◆ Excerpted records:
§
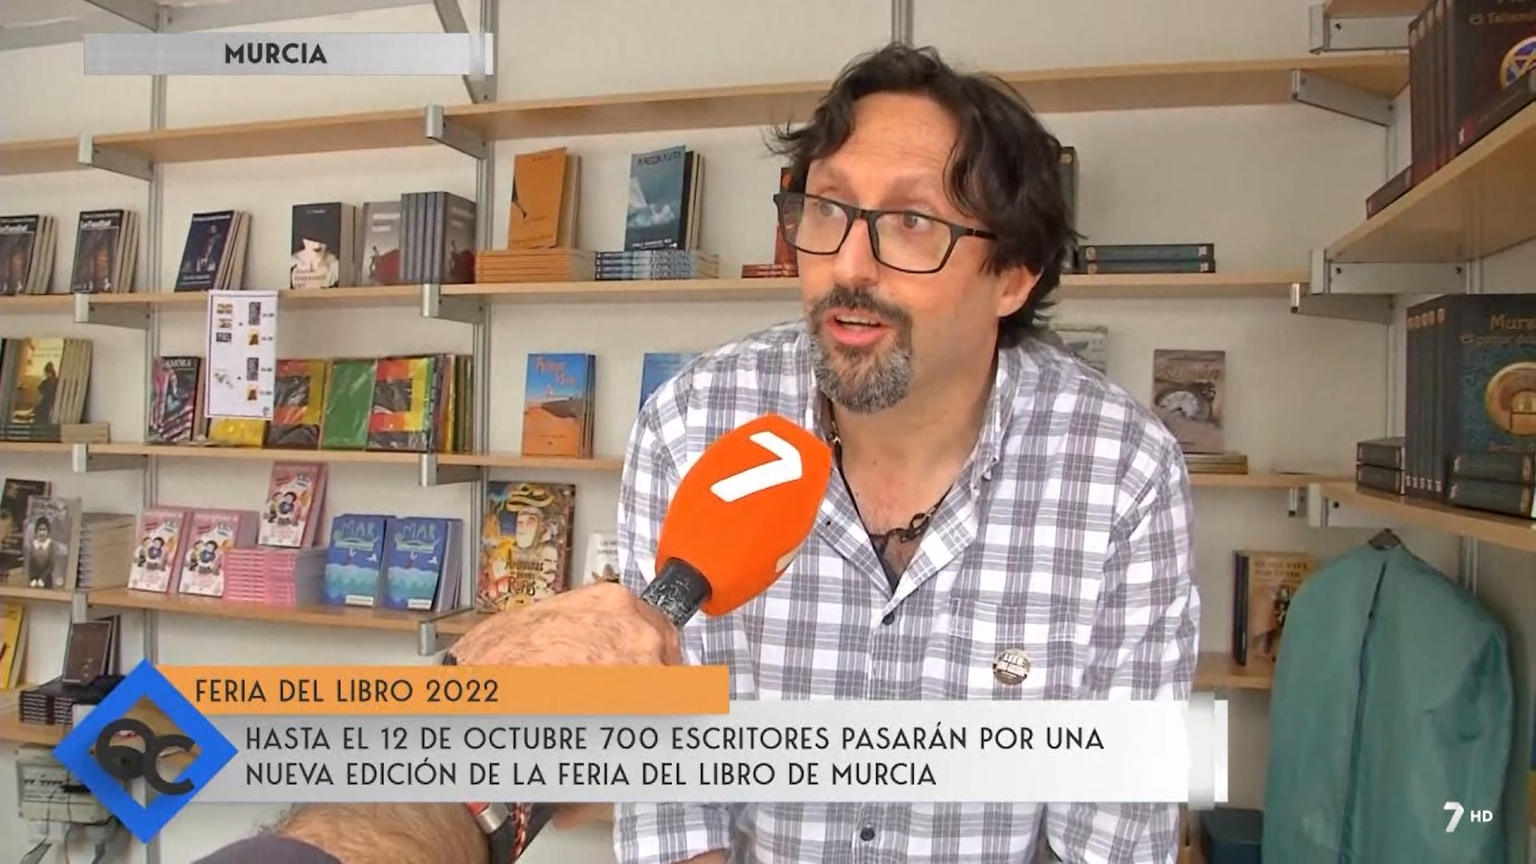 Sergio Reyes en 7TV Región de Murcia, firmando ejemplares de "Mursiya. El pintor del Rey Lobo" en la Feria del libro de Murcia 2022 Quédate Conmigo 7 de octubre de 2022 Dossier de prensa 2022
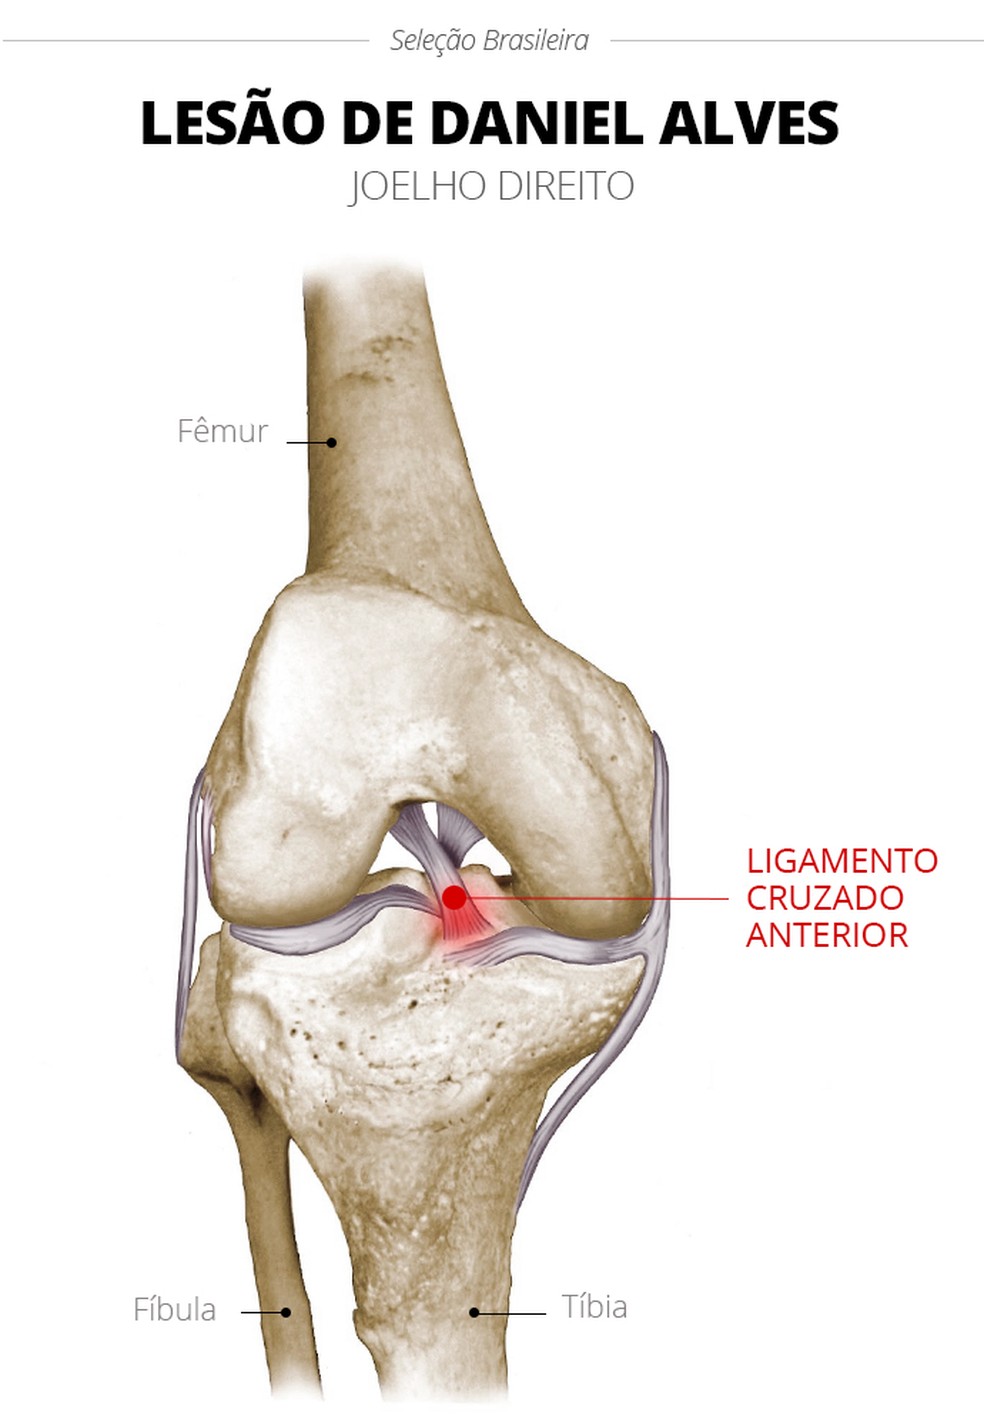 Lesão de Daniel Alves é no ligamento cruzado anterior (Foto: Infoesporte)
§
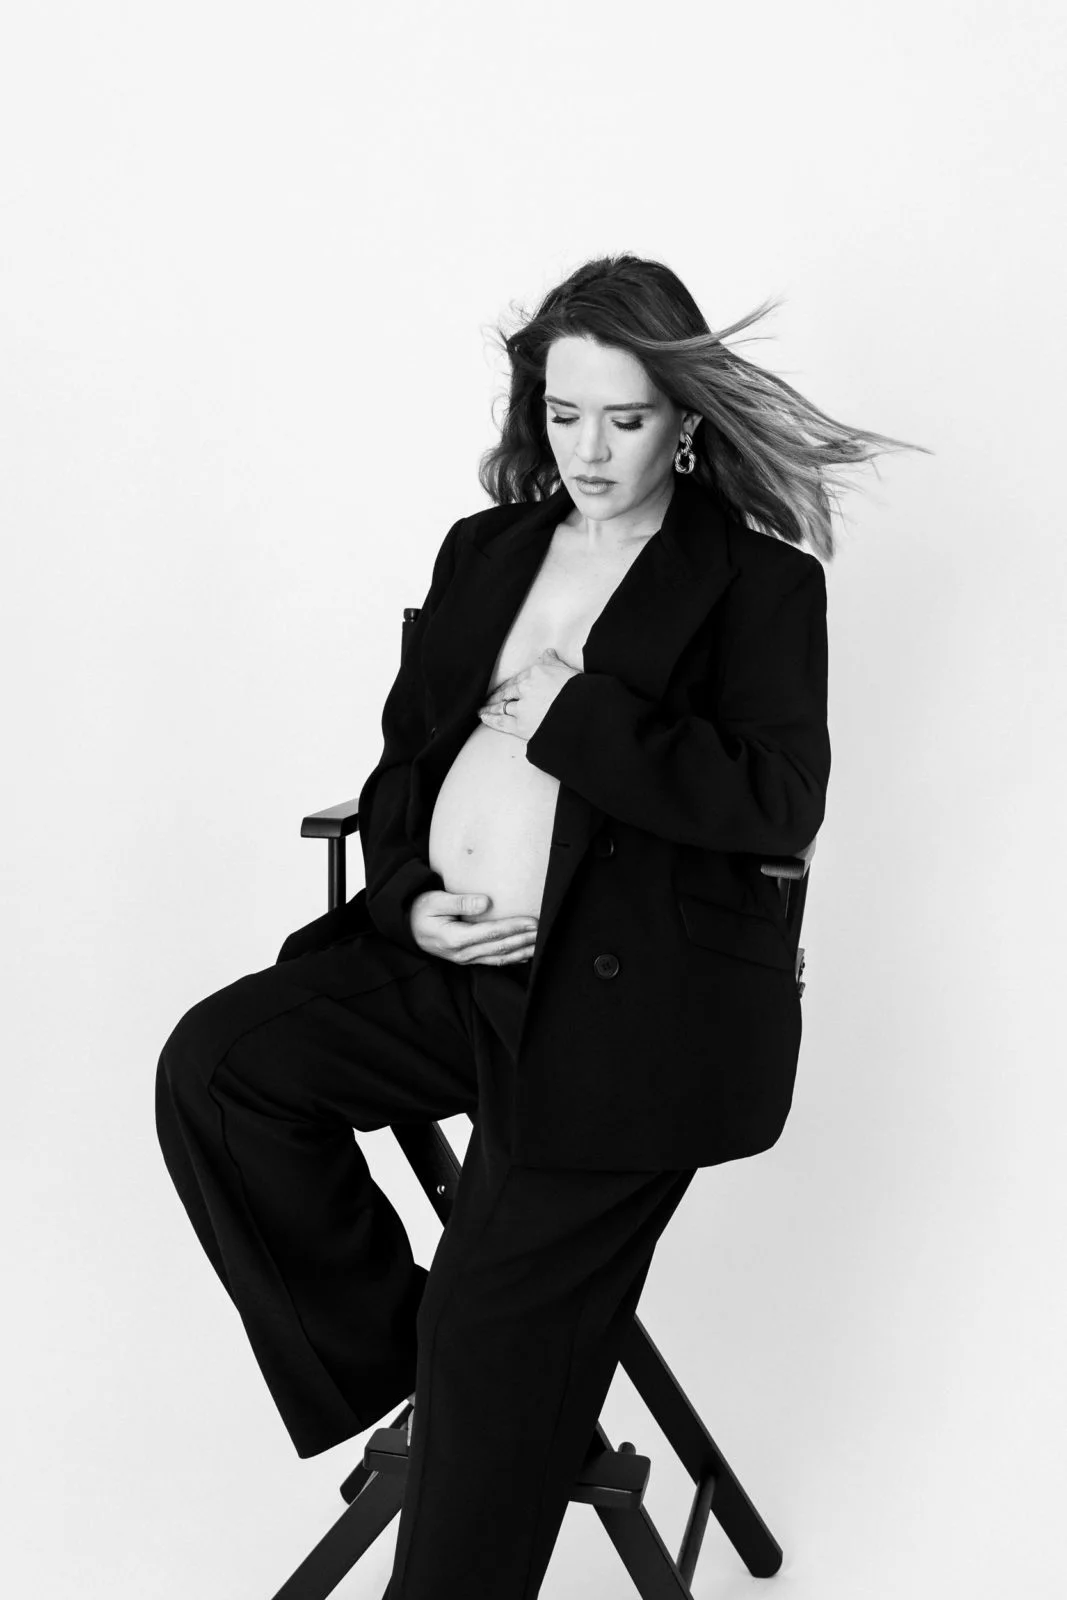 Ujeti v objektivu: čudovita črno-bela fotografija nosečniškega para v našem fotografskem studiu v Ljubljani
§
◆ Problem details:
Give exactly the lines above that run from the line with "Sergio Reyes en" to the line with "Lesão de Daniel", both included, leaving every picture out.

◆ Worked solution:
 Sergio Reyes en 7TV Región de Murcia, firmando ejemplares de "Mursiya. El pintor del Rey Lobo" en la Feria del libro de Murcia 2022 Quédate Conmigo 7 de octubre de 2022 Dossier de prensa 2022
 Lesão de Daniel Alves é no ligamento cruzado anterior (Foto: Infoesporte)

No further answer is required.